A former law firm director, now a barrister, trying to challenge an eight-year-old employment tribunal ruling that found her guilty of serious financial impropriety has overcome the first hurdle.
His Honour Judge Shanks in the Employment Appeal Tribunal held that Employment Judge Cox should look again at extending time for a reconsideration of her 2014 judgment “in the unusual circumstances of the case”.
Layla Dean-Verity, formerly known as Anjum Tahirkheli, was a non-solicitor director of Bradford firm Khan Solicitors, along with her then husband Mohammed Khan and Rashid Majid. She dealt with the company finances.
The marriage broke down in May 2012 and she was dismissed four months later on the grounds of serious financial impropriety. Ms Dean-Verity was called to the Bar in 2018 and now practises from Erimus Chambers in Luton.
At the 2014 hearing of her claim for unfair dismissal, the firm conceded that she had been unfairly dismissed because she was given no notice of the meeting at which the decision was made and no procedure of any kind was followed.
EJ Cox found that Ms Dean-Verity had indeed been guilty of serious financial impropriety by carrying out four categories of unauthorised transaction for her own benefit.
This meant she would have been fairly dismissed had a proper procedure been followed and in any event that her compensation should be reduced by 100% on the basis that her dismissal had been caused by her own blameworthy conduct.
The judge also said Ms Dean-Verity was one of the most unreliable witnesses she had ever heard and made other criticisms of her.
HHJ Shanks recorded that Mr Majid sent copy of the ruling to the media and publicised it on social media, as well as reporting Ms Dean-Verity to the police and the Solicitors Regulation Authority (SRA).
The police decided to take no action and Mr Majid applied unsuccessfully for a review of that decision.
However, in 2016 an SRA adjudicator rebuked Ms Dean-Verity “by virtue of three of the four types of unauthorised transactions found by EJ Cox” and made her subject to a section 43 order – banning her from working in the profession without its permission.
An SRA adjudication panel and the Solicitors Disciplinary Tribunal upheld this decision.
In 2018, Mr Majid and Khan Solicitors sued Ms Dean-Verity and her former husband for over £800,000, “based in part on findings of Judge Cox”, HHJ Shanks recounted.
The pre-action letter attached 855 pages of documents which included some which Ms Dean-Verity had unsuccessfully sought in the earlier proceedings and which she said “fundamentally” undermined EJ Cox’s findings.
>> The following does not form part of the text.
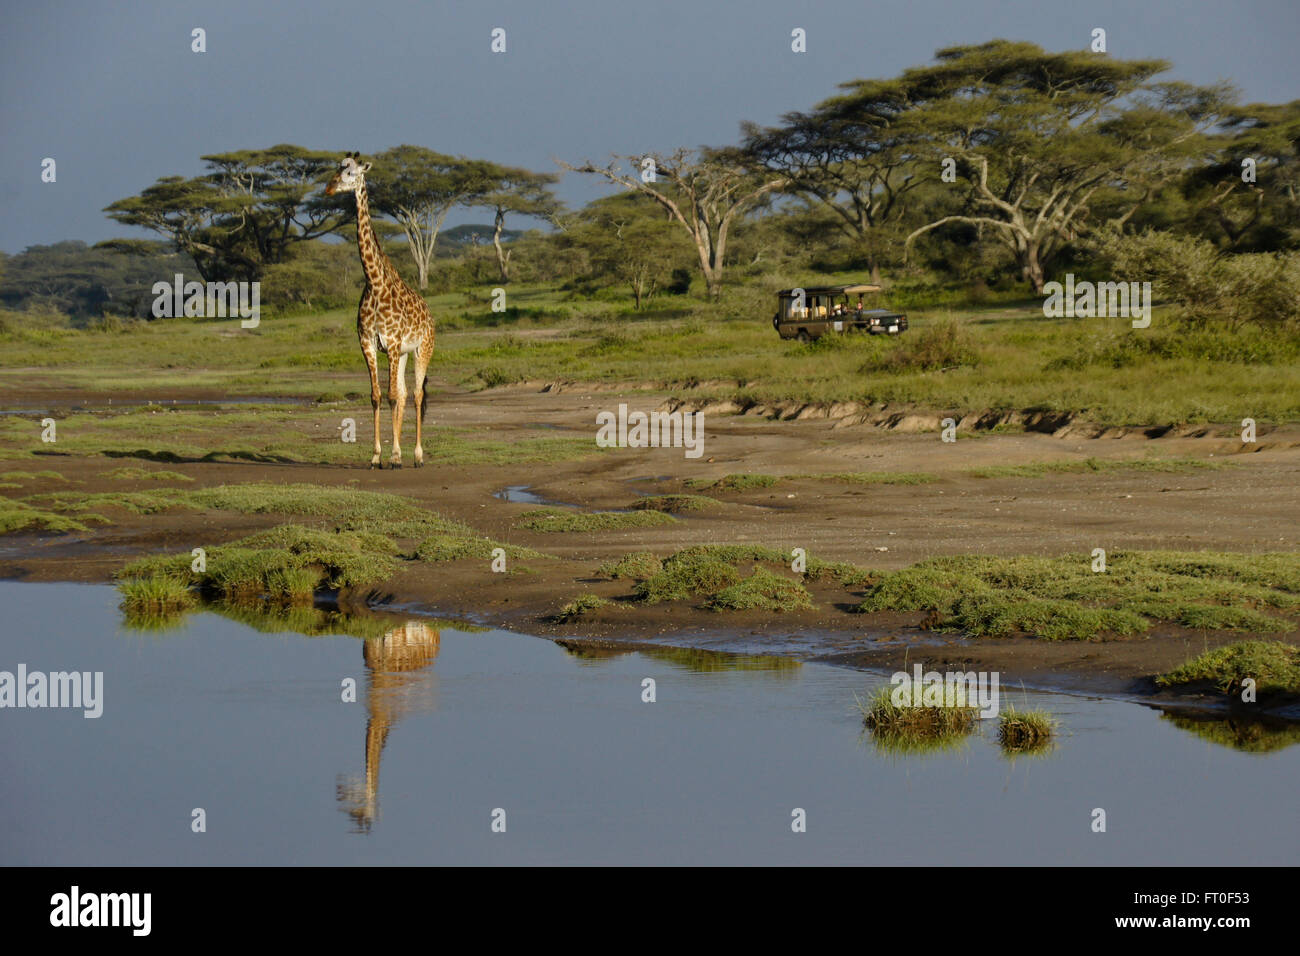 Masai-Giraffe spiegelt sich im Teich mit Safari-Fahrzeug im Hintergrund (Ndutu), Ngorongoro Conservation Area, Tansania Stockfoto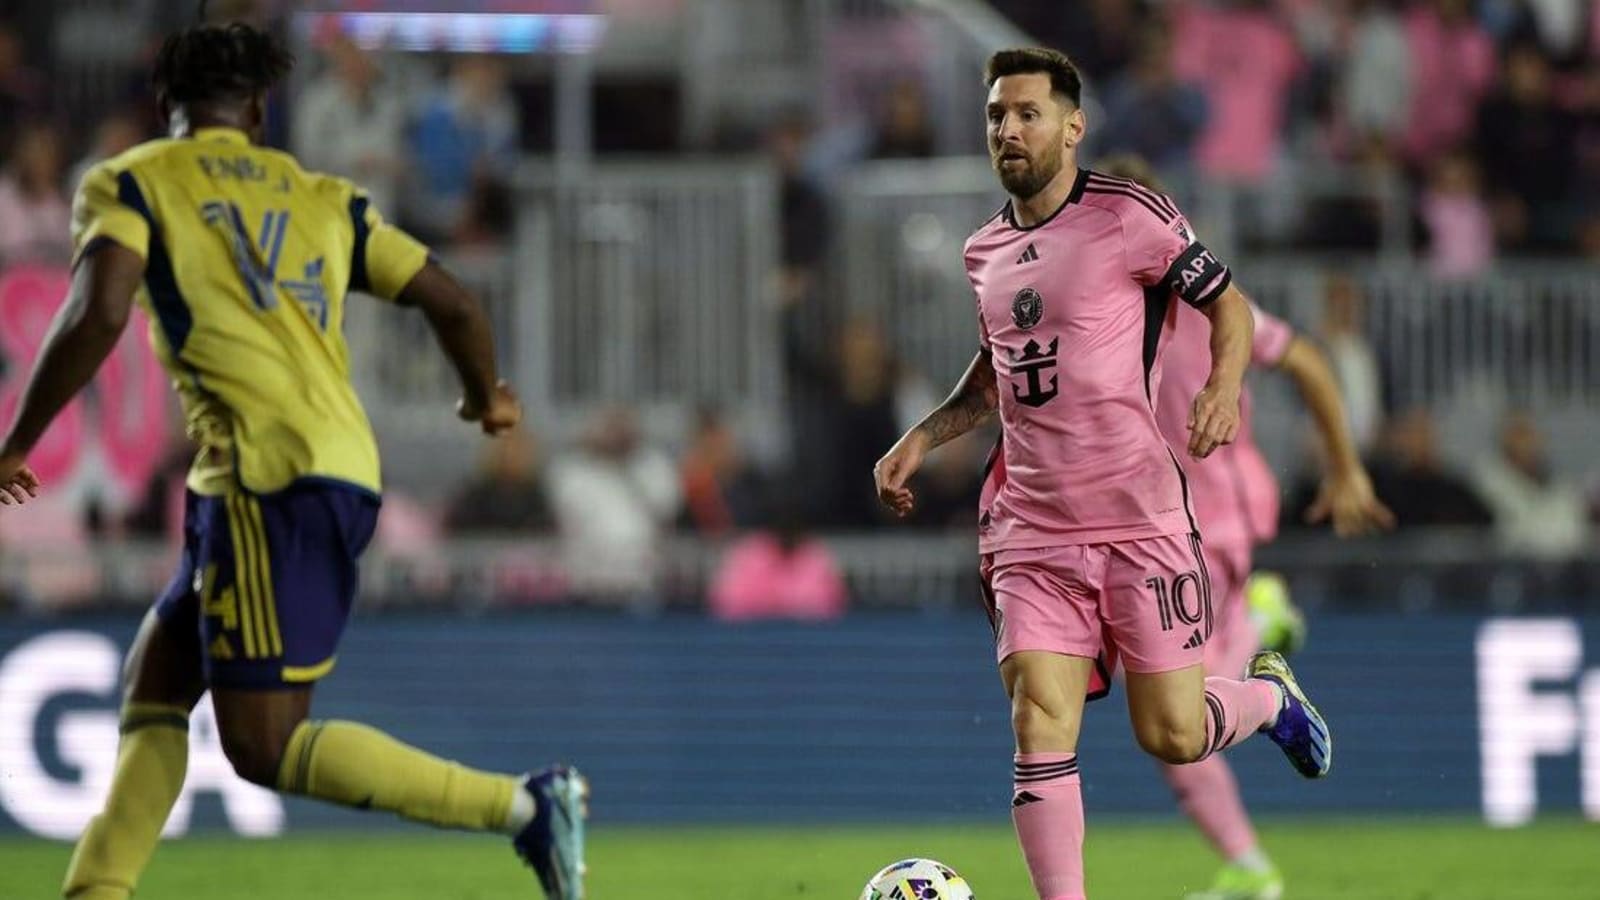 Lionel Messi steers Inter Miami past RSL in opener

Later that year, the SRA adjudicator revoked some of the disciplinary sanctions, although not the rebuke, partly on the basis of the new documents.
Ms Dean-Verity applied for a judicial review over the refusal to set aside the rebuke but the proceedings were stayed by consent to allow her to apply to the employment tribunal for a reconsideration of the 2014 judgment.
When she did so, EJ Cox held it would not be fair and just to allow the application to apply for the reconsideration to be made six years out of time, saying she did not accept that refusing to extend time would cause Ms Dean-Verity “substantial prejudice”.
The High Court claim had continued in the meantime, and in September 2020 District Judge Goldberg struck it out as an abuse of process, saying there was an “air” of Mr Majid “exacting some form of retribution against [Ms Dean-Verity], which is extraordinary for a professional practice”.
He added: “They have gone to lengths which are extraordinary to try to have [her] pilloried by their own fellow professionals.” Mr Majid appealed.
The following month, Ms Dean-Verity made a further application for reconsideration of the 2014 judgment based on the developments in the High Court claim, but the tribunal responded by saying it had nothing to add to its previous decision.
In April this year, the High Court proceedings were settled. The agreement also provided that Mr Majid and the firm would take no further part in the reconsideration appeal and, if the 2014 judgment was eventually set aside, Ms Dean-Verity would discontinue her tribunal claim.
On appeal, HHJ Shanks said EJ Cox’s finding on the absence of prejudice seemed “a surprising conclusion”; while the particulars of High Court claim did not refer to the 2014 judgment, at the time “it was plain” that the law firm was still placing some reliance on it.
EJ Cox’s comment that the decision on whether to reconsider the rebuke was a matter for the SRA and not her “rather misses the point that the SRA’s decision was bound to be influenced by relevant findings of the employment tribunal”, HHJ Shanks added.
“Putting those points together it seems to me that it can properly be said that the judge made a material error of law in her assessment of the prejudice that would be caused to the claimant if she did not allow the application for reconsideration to proceed out of time.”
The judge should also have put some weight on “the prejudice caused to the claimant by the mere continuing existence of the 2014 judgment representing, as it must, something of a stain on her character”.
HHJ Shanks remitted the case to EJ Cox.